Forex Leverage: How Much Should I Trade With?


What exactly is leverage? Leverage in Forex trading refers to a situation where in order to execute a buy/sell trading order with a much larger amount of capital than the trader has the trader 'borrows' money from his Forex broker. This 'borrowed' money makes it possible for the trader to trade with much higher transactions than he could afford losing, and can lead to much higher potential profits in the case of winning. In the case of losing the trader will not have to pay back the ‘loan’ to his broker.

Leverage is what makes Forex trading the most popular financial market in the world, as it can lead to outstanding profits in a short time, but it is also a double-edged sword. It can work in the trader’s favor, but also work against you in case of losses. As long as the market goes in the same direction as your buy/sell position, you are king of the world, counting the bills, but once the market goes against you, a high leverage, or in other words, a high risk, can lead to losing your investment. You will understand it better in a second.

How exactly is the level of leverage calculated? The formula is as follows:

Leverage = total value of trade / trading capital

Let's take an example:

Let's take Rich. Rich is a Forex trader, and he wants to invest his $500 in his next move. Rich wants to trade 0.5 standard lot sizes, or in other words, he wants to open a trade with a transaction of $50,000 (which is equivalent to 0.5 standard lot sizes). This situation requires his initial $500 to be equivalent to 1% of the total transaction for this specific margin requirement.

Now let's take another trader, called Mitch. He wants to open a trade with say $1000 that he has in his account, but he wants to use this $1000 to open a $20,000 position. Mitch is trading with a real leverage of 20,000/1,000 = 20 times leverage.

leverage

Proper Use of Leverage

Leverage can multiple a trader's profits, but the higher the level of leverage is, the higher the level of risk.

Let me illustrate this again with another two traders, John and Borelli, each starting with a trading capital of $5000. John wants to use a x10 leverage to open a 0.5 standard lot so opens a trading position of 0.5 standard lot (50K), while Borelli decides to use x40 leverage, or a position of 2 Standard lot (200K), with the same amount of initial investment of $5000..

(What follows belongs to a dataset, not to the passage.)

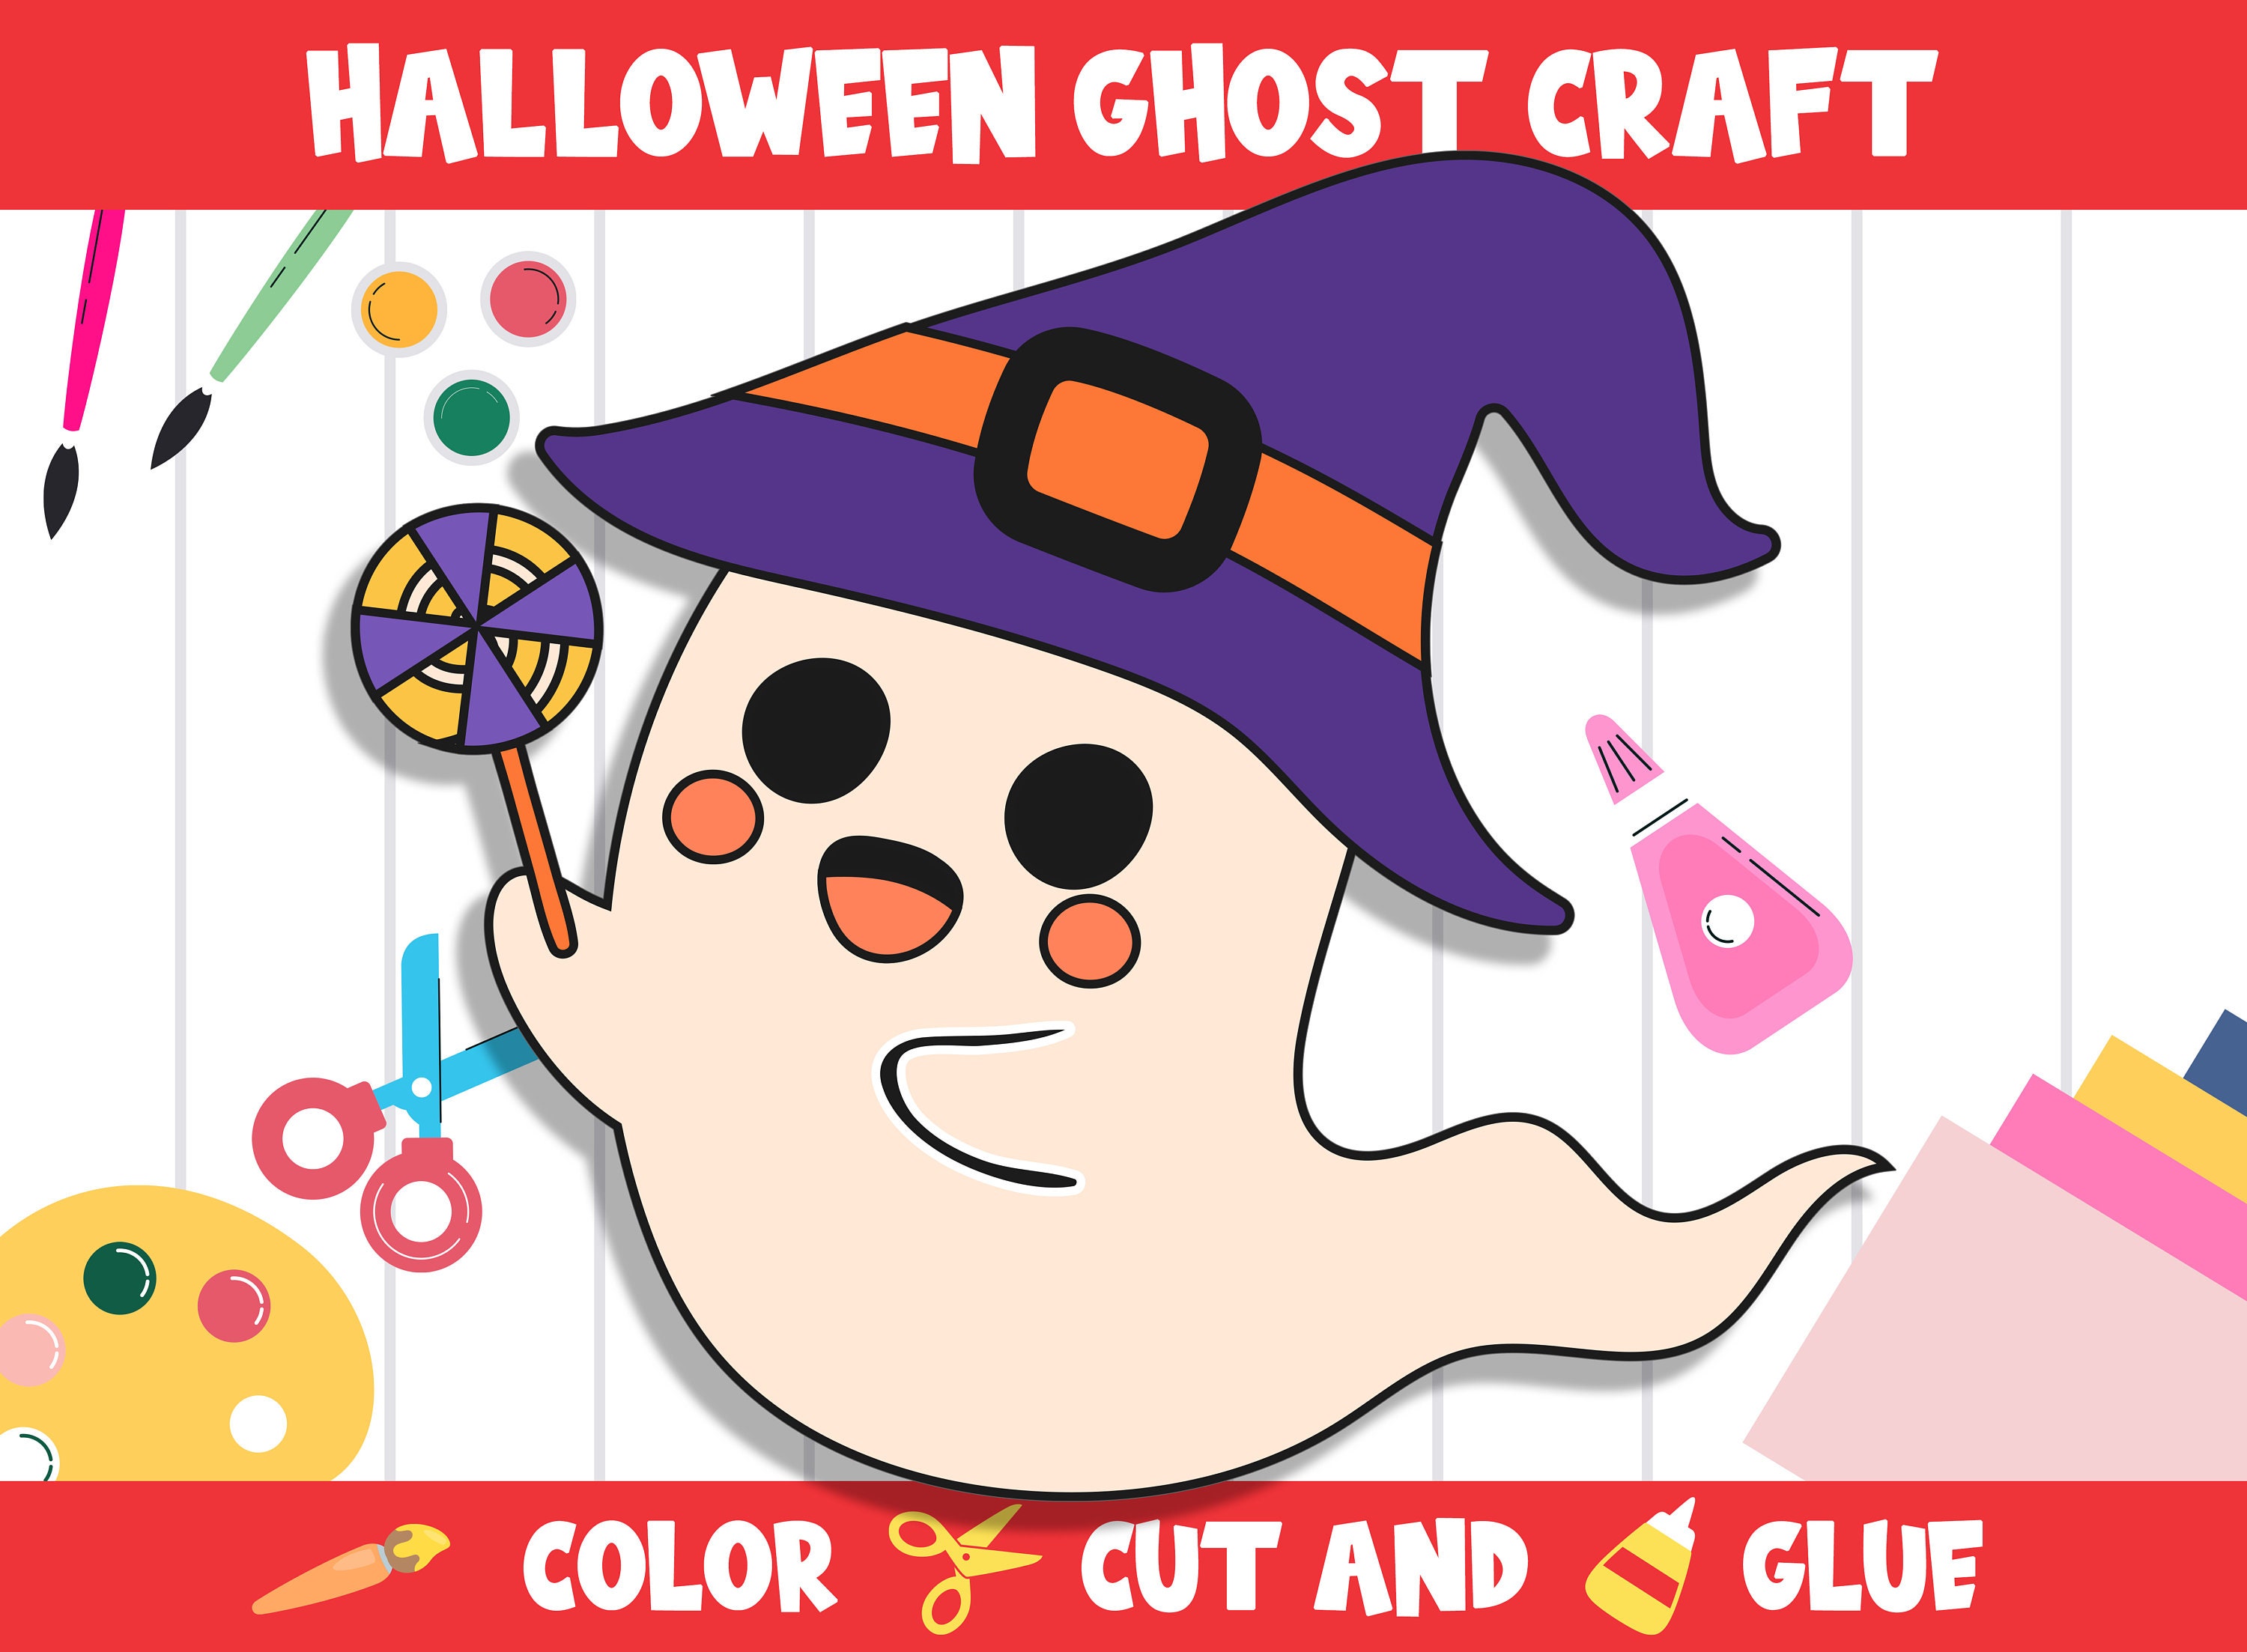 Glue ghosts {Halloween fine motor craft for kids} - Gift of Curiosity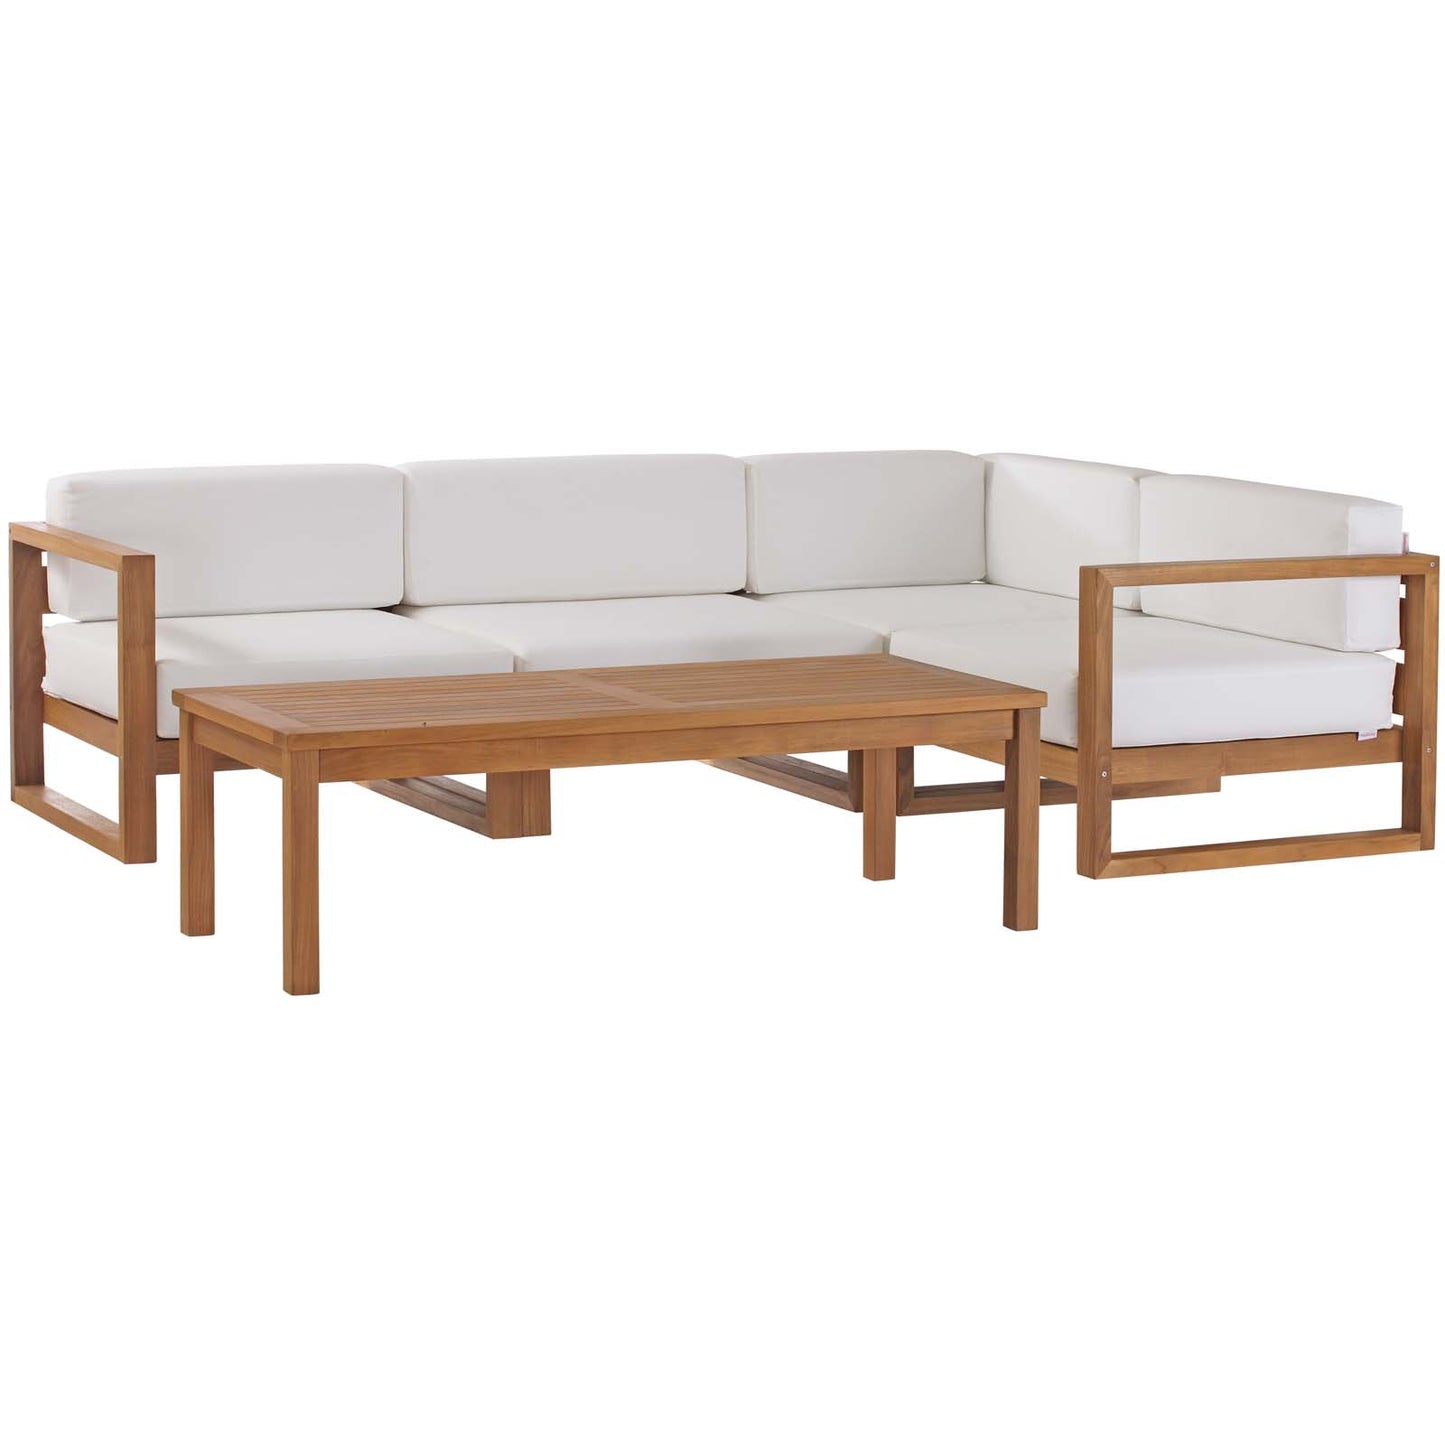 Upland Outdoor Patio Teak Wood 5-Piece Sectional Sofa Set Natural White EEI-4619-NAT-WHI-SET

John’s position, by virtue of his trade size, will earn or lose $5 per pip, while Borelli's position will earn or lose $20 per pip.

If John suffers a 50 pip loss in a trade, he will only lose $250, which represents only 5% of his account. This is minimal and he can easily recover this loss.

If Borelli also suffers a 50 pips loss, he will lose $1000, representing 20% of his account.  

If John and Borelli suffer four more losing trades of 50 pips each, this translates into a loss of $1250 for John and an amazing total $5000 loss for Borelli. Well, you guessed right, Borelli's out!

5 trades later, and while John still has $3,750 in his account, Borelli has lost 100% of his account size.

This example just goes to show you how an improperly managed leverage can easily lead to heavy losses.

high manMost experts agree that total market exposure at any point in time should not exceed 10%. A leverage of 1: 50 will keep a trader within these limits because the margin commitment will reflect this on the Forex charts.  Using higher leverages of 1:400, as seen on most broker websites, will reduce margin commitment and tempt the trader to start over-exposing himself in the market by opening too many trades. A careless trader who does not know how leverage works will repeatedly find himself in trouble.

Look at the illustrations, learn from them and use leverage carefully.